Table 1. Characteristics of Non-Hispanic Black Men Aged 45 or Older, NHIS 2000 Survey
| Sociodemographics |
N |
%a |
Health Status |
N |
%a | |
| Age (Years) | 736 | Health Insurance | 730 | |||
|
45 to 49 |
29.5 |
None |
13.4 |
|||
|
50 to 64 |
45.2 |
Public |
23.1 |
|||
|
65+ |
25.3 |
Private/military |
63.5 |
|||
| Education | 723 | Health Status | 731 | |||
|
< High-school graduate |
34.6 |
Excellent |
18.7 |
|||
|
High-school graduate |
30.9 |
Very good |
20.5 |
|||
|
Some college/tech school |
20.9 |
Good |
32.1 |
|||
|
College grad |
13.6 |
Fair or poor |
28.7 |
|||
| Poverty Threshold | 736 | Family History of Prostate Cancer | 686 | |||
|
<200% |
28.9 |
Yes |
6.2 |
|||
|
200-299% |
13.7 |
No |
93.8 |
|||
|
300-399% |
9.1 |
|||||
|
400-599% |
7.5 |
Had Colorectal Screening10 | 505 | |||
|
500%+ |
14.6 |
Yes |
30.8 |
|||
|
Unknown |
26.2 |
No |
69.2 |
|||
| Region | 736 | Family Composition N |
%a |
|||
|
Northeast |
16.6 |
Marital Status 733 | ||||
|
Midwest |
16.8 |
Married/living with partner |
63.0 |
|||
|
South |
58.8 |
Widowed |
7.3 |
|||
|
West |
7.8 |
Divorced or separated |
18.0 |
|||
|
Never married |
11.7 |
|||||
| Metropolitan Statistical Area | 736 | |||||
|
No |
13.9 |
Family Size (Persons in the Family) 736 | ||||
|
Yes |
86.1 |
1 |
27.6 |
|||
|
2 |
34.8 |
|||||
| Perceived Risk |
N |
%a |
3+ |
37.5 |
||
| Perceived Risk of Getting Cancer | 599 | |||||
|
Low |
69.6 |
Family Structure 736 | ||||
|
Medium |
22.5 |
One adult, no children |
27.6 |
|||
|
High |
8.0 |
Multiple adults, no children |
47.9 |
|||
|
One adult, 1+ children |
1.1 |
|||||
|
Perceived Amount of Cancer in Family 657 |
Multiple adults, 1+ children |
23.3 |
||||
|
Low |
80.5 |
|||||
|
Medium |
14.8 |
a Adjusted to the US 2000 Census; b Question asked of men >50 | ||||
|
High |
4.7 |
years of age. | ||||
For family history and perceived risk variables, first-degree family history of prostate cancer (Casodex medication is an oral non-steroidal anti-androgen for prostate cancer) was obtained from several questions about cancer diagnoses in respondents’ biological fathers, brothers and sons.

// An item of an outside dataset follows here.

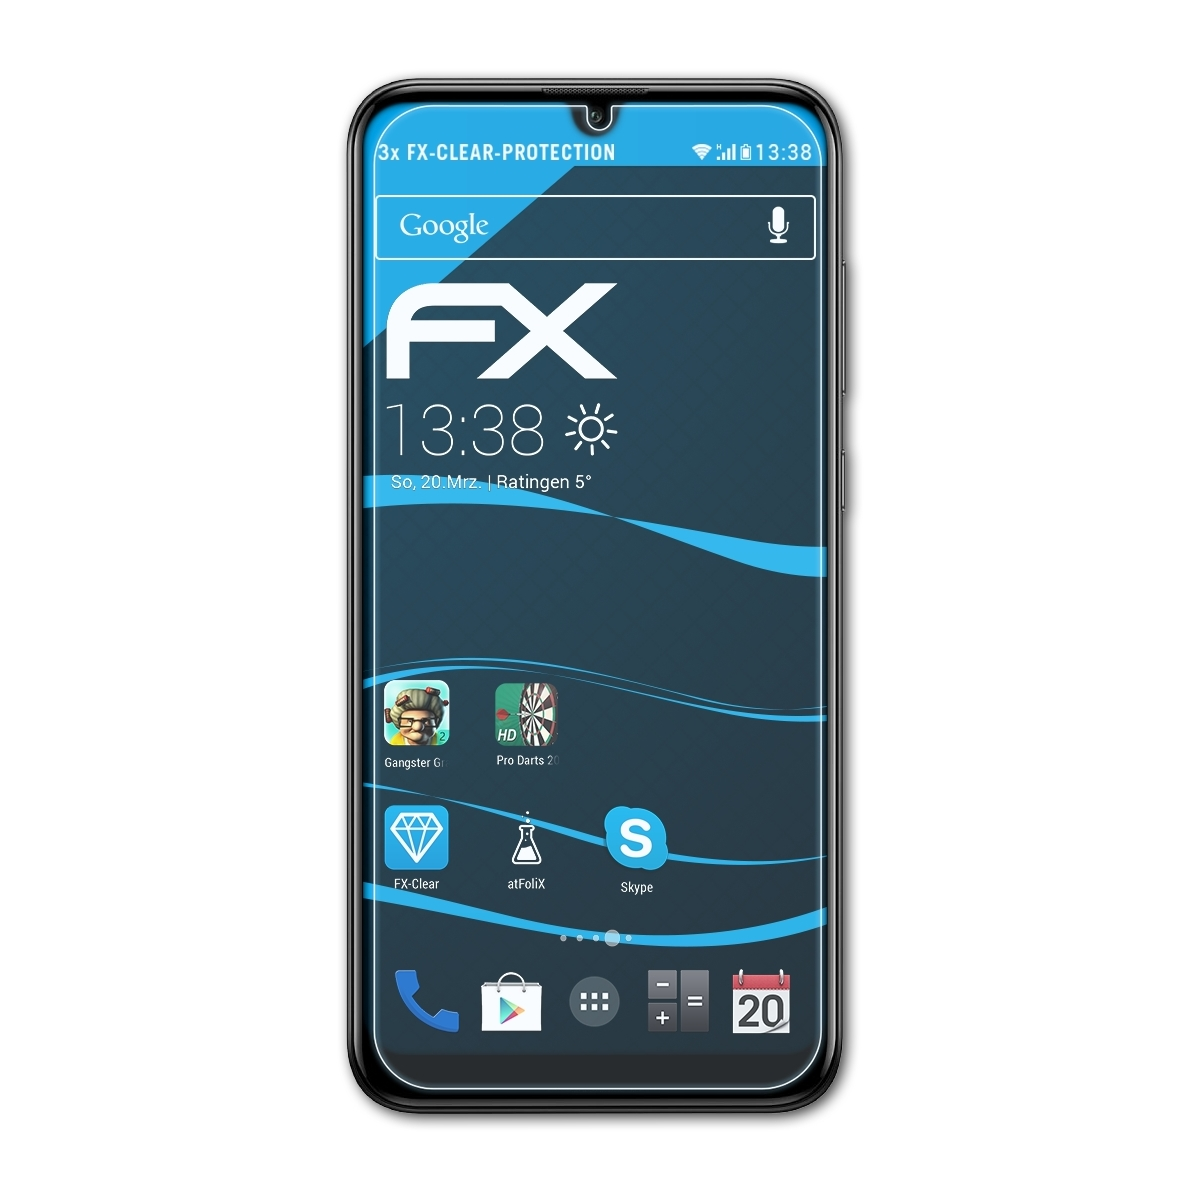 ATFOLIX 3x FX-Clear Huawei 2019) Displayschutz(für Y7

For perceived risk of getting cancer (in general) and perceived amount of cancer (Generic Nolvadex is an anti-estrogen used to treat or prevent breast cancer) in one’s family, respondents were asked subjective assessment questions about their likelihood of getting any type of cancer and the amount (low, medium or high) of any type of cancer in their families.
Data Analysis
The statistical program SUDAAN was used in the analysis to take into account the complex multistage probability sampling design of the NHIS 2000. The 95% confidence interval was used to assess variability in the estimates of percentages. General linear contrast measures were calculated to assess statistical significance of differences among men within the categories of a variable—for example, differences in test use with men from the northeast and men from the south. P values for general linear contrasts compare a row percent to its reference level. The Wald Chi-squared test was used to assess the association of each variable with the outcome variable after adjusting for age. The final logistic model contained 12 main effects. Odds ratios were used to examine the associations of independent variables with having heard of the PSA test and having been tested while adjusting for other variables in the model. Family structure was dropped due to its strong association with marital status and family size. Fifty-five of the 736 men interviewed were excluded from the study because they did not answer the question, “Have you ever heard of a PSA, or prostate-specific antigen test?”